I understand why people make wellness into an aesthetic— it’s incredibly motivating, and sometimes you just need to make an iced coffee or take a fire mirror selfie to pick yourself up. But mainstream wellness tends to reek of privilege and obsessive personalities. It reminds me of how vulnerable I was as a kid and how vulnerable others may be to pro-eating-disorder messages. I learned at sixteen that recovery would never be Instagrammable and aesthetics weren't going to save my life. Wellness wasn’t just going to SoulCycle, drinking a matcha smoothie, and all the other emblages of the white bourgeoisie.
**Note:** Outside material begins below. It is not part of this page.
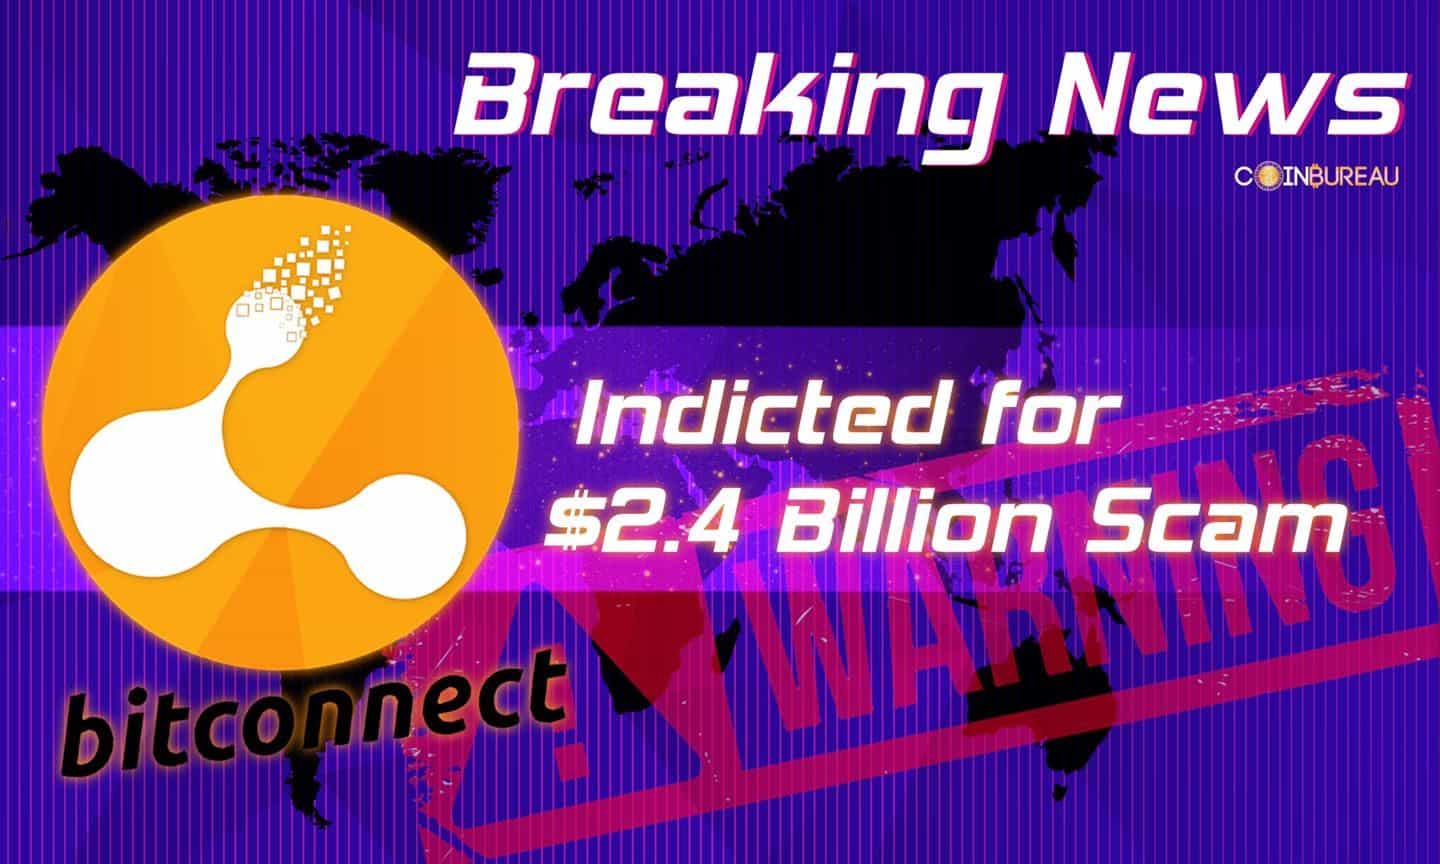 BitConnect Mastermind Indicted for $2.4 Billion Scam - But Authorities Can’t Find Him

It wasn’t lighting a candle in my room or a juice cleanse. Wellness was eating drive-through fries even though I was terrified; it was calling my therapist instead of compulsively exercising; it was seeking help for my anxiety and finally getting my period back. When I began to see my eating disorder as something conquerable and took my life back, I felt stronger than I had in years.
When we talk about wellness, it is paramount that we tell not only the glories of fitspo and meditation but also of the people who fought for their lives with mental and chronic illness, and won. We need to acknowledge forms of wellness that go beyond the corporeal and the “cute”. We must applaud those who practice them, those that try, and those that fail. There is so much more to life than the way we look living it, and I wish we would all remember that.